The Butterfly Nebula — Fragment from Chapter 21: “Visions and Seizures”

December 26, 2017

One night she’d worked late, and had only drunk one glass of wine when she decided to go outside and walk in the desert. It was freezing cold and she had wrapped herself in his jacket. She recalled how in her dream the stars had all begun to fall like snow, and she now stood on an expanse of snow, a fine glittering mantle settling on the desert plateau for miles in every direction. On each corner of the plateau stood someone important from her life: North was Virgil; Soren in the East; Laura in the West; Wyatt to the South. The figures stood unmoving, like pieces on a chessboard. She called their names, and the calling of their names lingered and floated up on the black tide, floated up to the Dog and the Hunter.  They approached her in a short line, and one by one stepped up and stared at her without saying a word, only the eternal stare, and she began to weep, trying to hug everyone but the shapes were mist and vapor, and putting her arms around the ghost of Virgil made her cry the most. The snow then began to race under her feet, a swift white carpet, and she walked faster, taking long fast steps for fear of falling as if she were on a flat escalator in an airport. And as she strode, members of the tribe appeared alongside her: two at first, flanking her, soon others, dozens more, keeping pace with her on the racing snow and whispering, a hastened sibilance, a recitation, words that sounded absurd and meaningless, like dream gibberish, and yet somehow healing her, strange balm for her aging soul, voices high and low, soprano, alto, and baritone, a choir of whispers, in pointed rhythm, in tones meant to heal and not the words themselves, arbitrary symbols designed specifically for the listener . . . Animals then joined the people: coyotes, bears, cougars, dogs, hawks, owls, ravens, crows, buzzards, sparrows, grackles, lizards, snakes, spiders, scorpions. They eventually took their leave of her—men, women, children and beasts. The racing snow abruptly stopped, and she stepped off the edge of the plateau and into outer space.

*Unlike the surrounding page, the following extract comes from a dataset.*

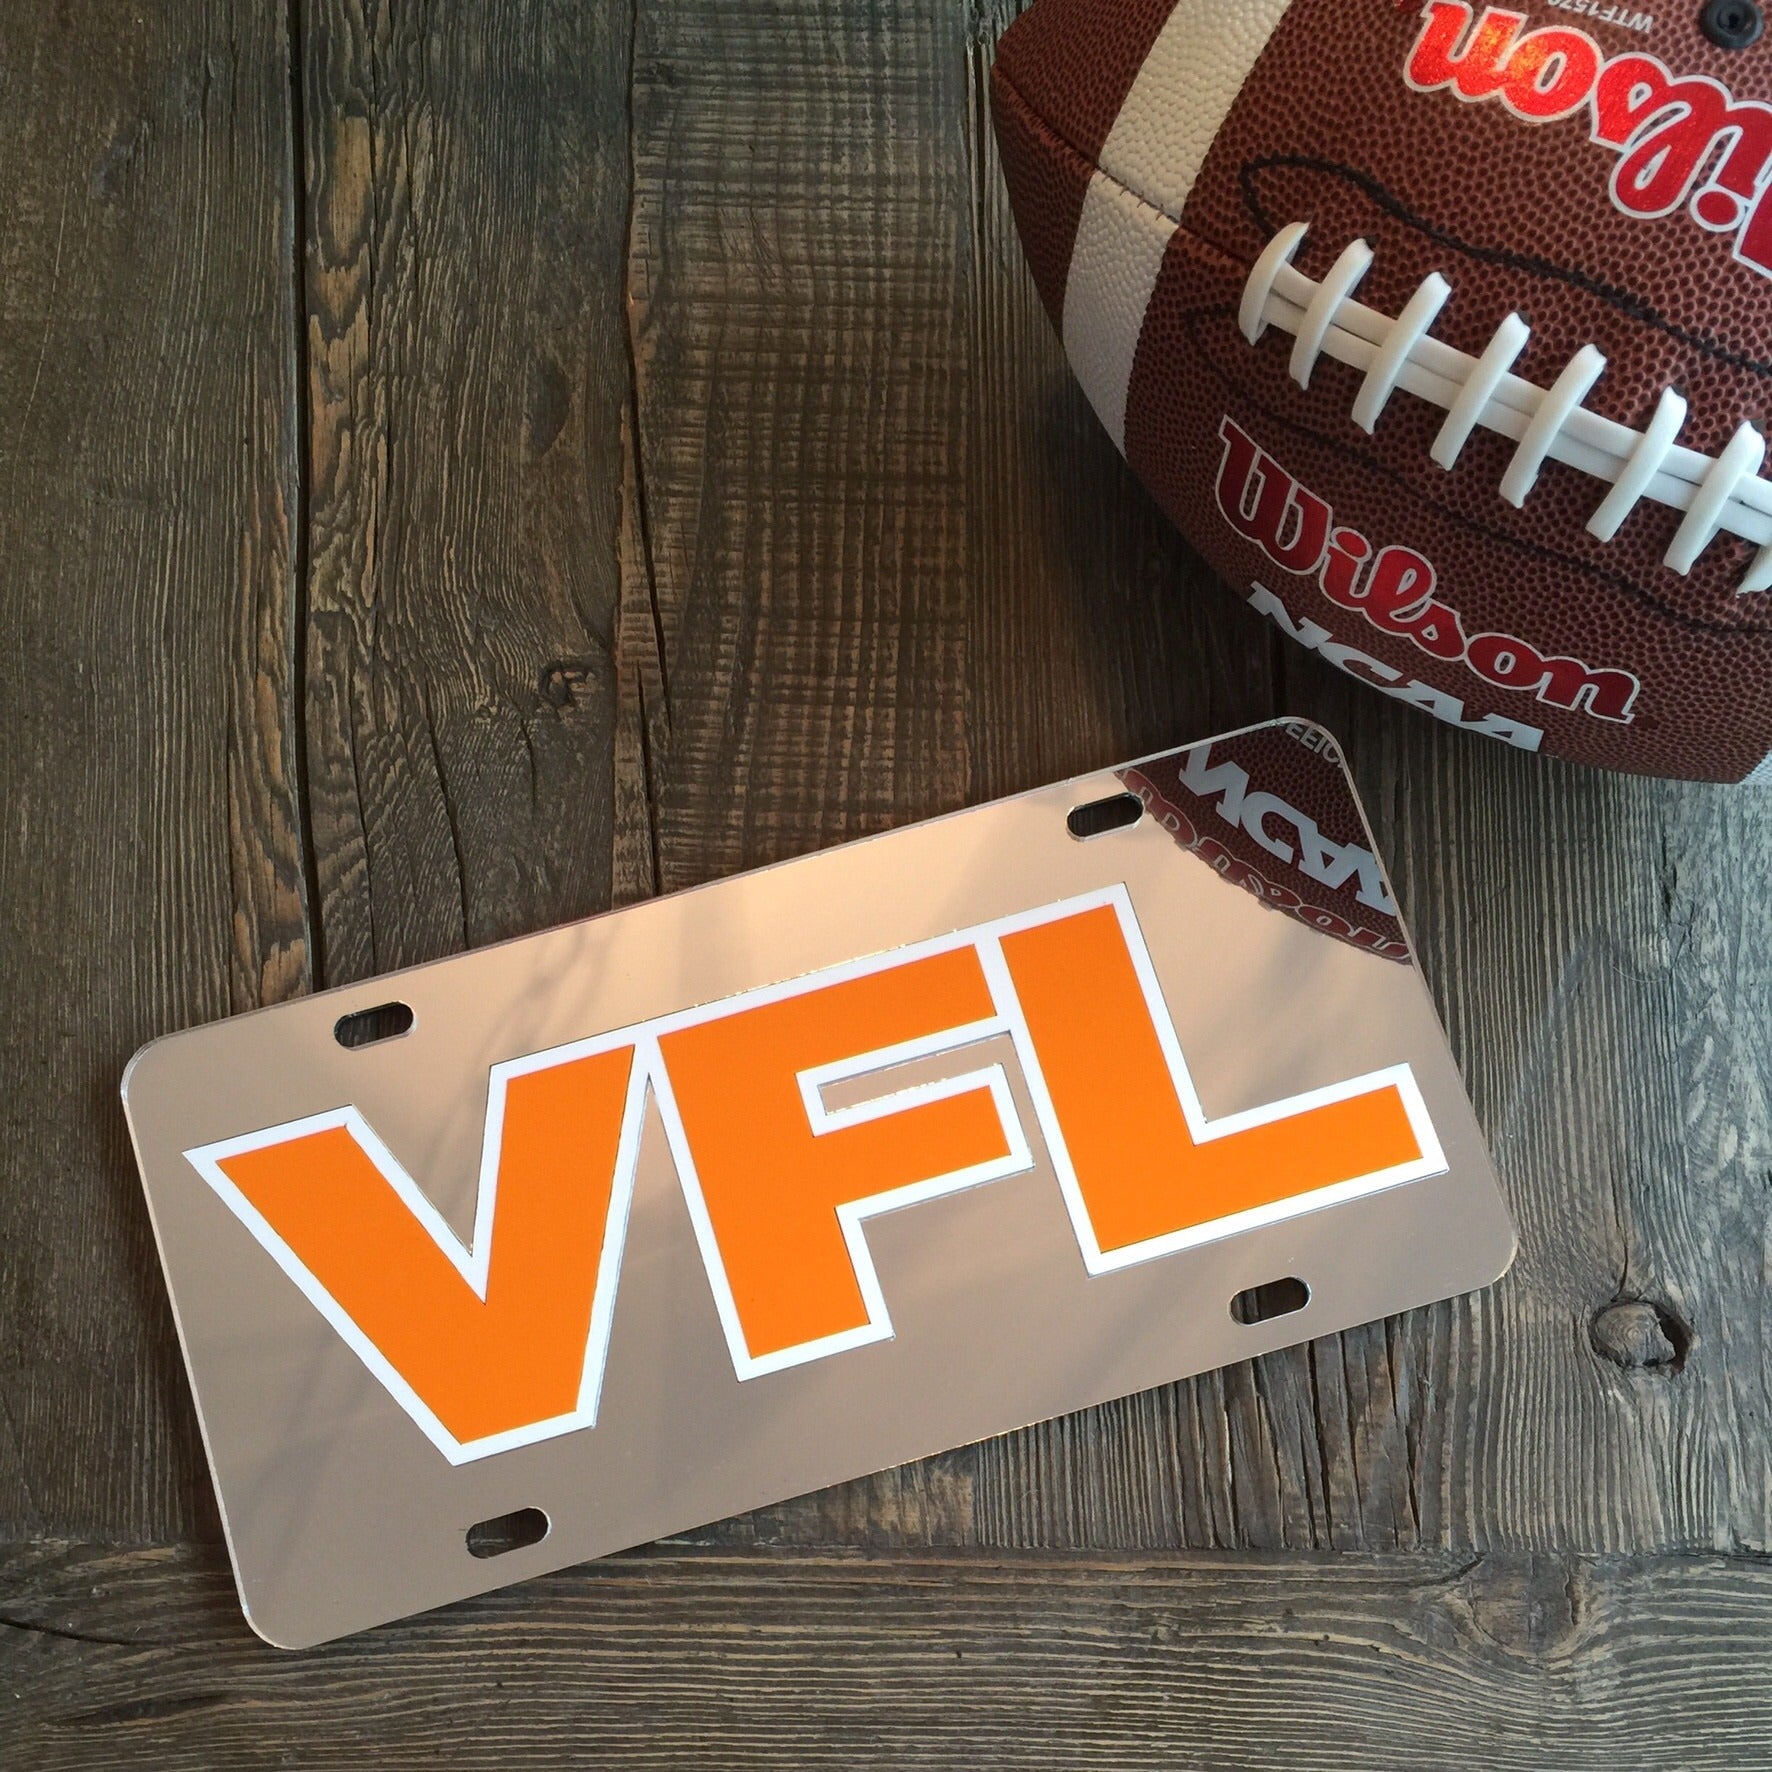 Tennessee "VFL" License Plate

She was drifting slowly down through the void and somehow buoyant on thin air, like a cork on water, a state of near weightlessness. She waved her arms. At one moment, instead of falling, she realized she was ascending, though it was difficult to get her bearings. She saw a distant object and felt herself being pulled toward it. The object enlarged, became a giant cylinder, and she recognized the Primum Mobile telescope and was relieved at the sight of a life raft that may carry her to safe harbor. She floated toward the telescope as if  pushed by a divine breath. She grabbed a spoke of an adjustment wheel about as wide as she was tall, and hoisted herself up, a tiny pointless creature on the enormous, slowly turning barrel, a grand silver lathe immersed in the coal black sea of space. But she kept slipping, losing her footing, so she lay down on her stomach, making an X with her arms and legs, gripping the gleaming alloy skin of the telescope as it traveled through her universe. The cylinder’s turning had been steady and gradual and eventually she found herself on the underside of it and could no longer hang on. And out of the darkness Virgil’s voice whispered to her that it was okay, even beautiful, for her to let go, and she slid off the giant Primum Mobile telescope and slowly fell backwards through space, though there was no bottom, no landing for her, simply the chance of another object eventually passing by that she might reach and cling to for a time.

The vision had caused her to pass out. Later, she would understand that she’d likely succumbed to an epileptic seizure. Sunrise was breaking on the desert, and she felt cold and near death. There was a slight rigid pressure against her forehead, and she opened her eyes to find a scorpion perched there. Beatrice casually brushed the scorpion away. She then stood up and began to walk toward the horizon, toward her star, the sun.